One has long hair and one keeps it short, but alumni Bill and Turner Ross are still growing together. From their museum-going childhood in a small town in Ohio through their crucial skill-building years at SCAD, Bill (B.F.A. video/film) and Turner (B.F.A. painting) have developed a joint sensibility borne as much from encouragement as competition. In recent years the brothers have created a series of exquisitely personal, universally resonant documentary films including 45365, Tchoupitoulas and Western. We caught up them to discuss how their SCAD experience continues to inform their award-winning work.
SCAD: It’s been over a decade since you graduated. Do you still work with friends you made at SCAD?
Turner: A lot of our crew now are our friends from SCAD. We were a whole bunch of misfits who ended up together. Everybody had something that they wanted to do or somebody that they wanted to become. The people that we came through with are out there in the world, doing it in really exceptional ways. We still find a connection and are available to each other. It’s very much like family.
SCAD: What were the keys to your university experience?
Turner: For us, SCAD meant access to resources. Being there together, no matter what it was we were doing, we were able to bounce off of each other. We lived in a house on Anderson Street and we made all of our projects in our house with our friends. We went to class to learn from people, to get critiqued, but most of all, to have access to the resources that we needed to explore and the freedom within that SCAD environment to try things. We made a lot of really bad stuff and we learned a lot. In the end, we developed relationships that we took beyond the confines of the scholastic world.
Bill: We’d started out very young, running around with cameras and painting, and SCAD was a continuation of that in a more serious way. I worked at The Cage [the checkout locker at the film department], so we had access to equipment 24 hours a day. We were always taking it out whether we had a project to work on or not, just for the fun of it. It’s a little surprising to look back on some of those early things and see how similar they are to what do now. We’d like to think that our art has gotten better.
SCAD: So you were developing your passions from early childhood, before you got to SCAD?
Turner: We’re from a small town, Sidney, Ohio. Our dad was a historian and our mom was in education. As kids, we went to a lot of museums and they really fostered an interest in where people come from and who people are, which fed into what we do now, which is tell the stories of people and how they get to be who they are.

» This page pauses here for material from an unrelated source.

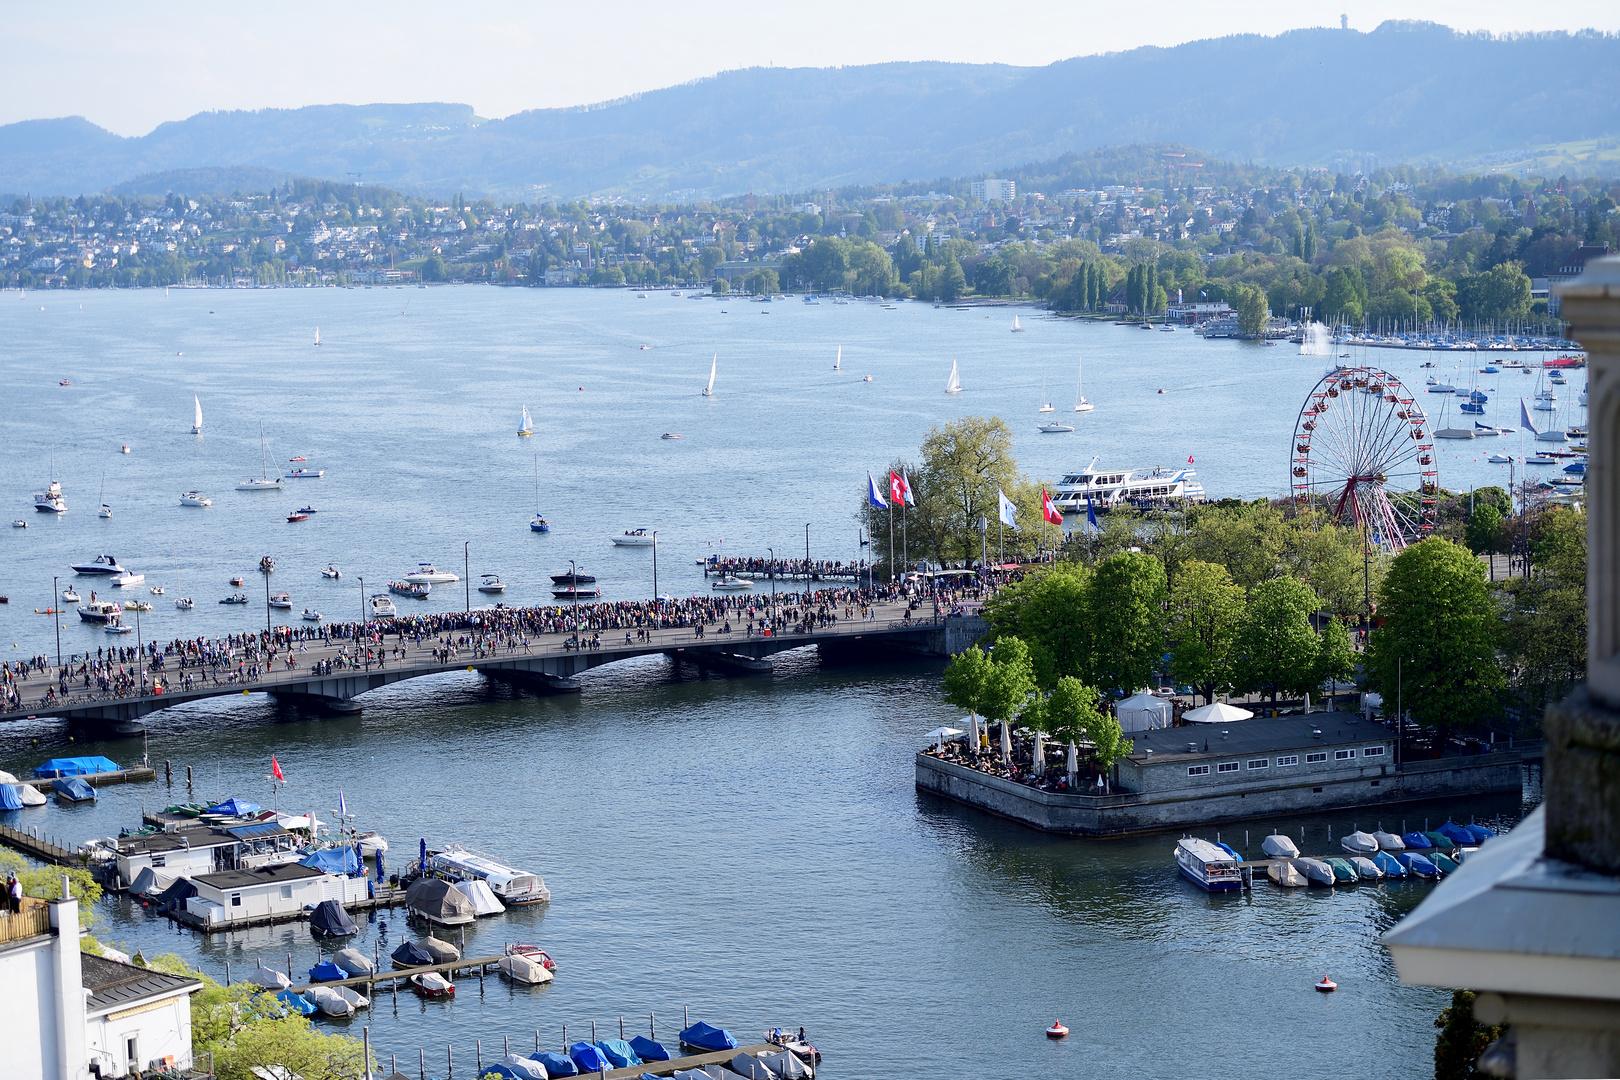 Zürich, Quaibrücke am See/ Riesenrad Bürkliplatz

Bill: Growing up, I sort of hid part of myself because if the guys that I hung out with knew I was in the basement watching Fellini movies, they’d probably have been like, “What’s wrong with you?” Once I was at SCAD, I met so many people and we were just always making stuff together. Our work continues to be fun but there was something about that initial moment where the world just became a lot bigger and brighter because I had found a home and felt normal.
SCAD: Turner, you got to SCAD first, is that correct?

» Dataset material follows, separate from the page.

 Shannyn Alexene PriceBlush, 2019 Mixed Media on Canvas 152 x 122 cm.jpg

Turner: I got a scholarship through the SCAD Rising Star Program, which allowed me to graduate from high school early and go down and really pursue painting in a meaningful way. I still use skills as a filmmaker that I learned doing painting at SCAD: process, theory, color, light, knowing your subject matter, framing. Right out of college, I started working in art departments in film, which was an actual meeting of those two worlds.
Bill: I’ve always been proud of T. He is probably the most ambitious, driven person I’ve ever been around. He never had the fear of putting himself out there, which I think a lot of people can be hung up on. So he pushed me to do that as well, from a very early age.
Turner: It’s something more positive than a rivalry, you know.
Bill: Well, there is a little bit of that, too. We’ve very different individuals. If we weren’t brothers, I don’t know that we would actually hang out. But when we come together, our personalities mesh in a very good way.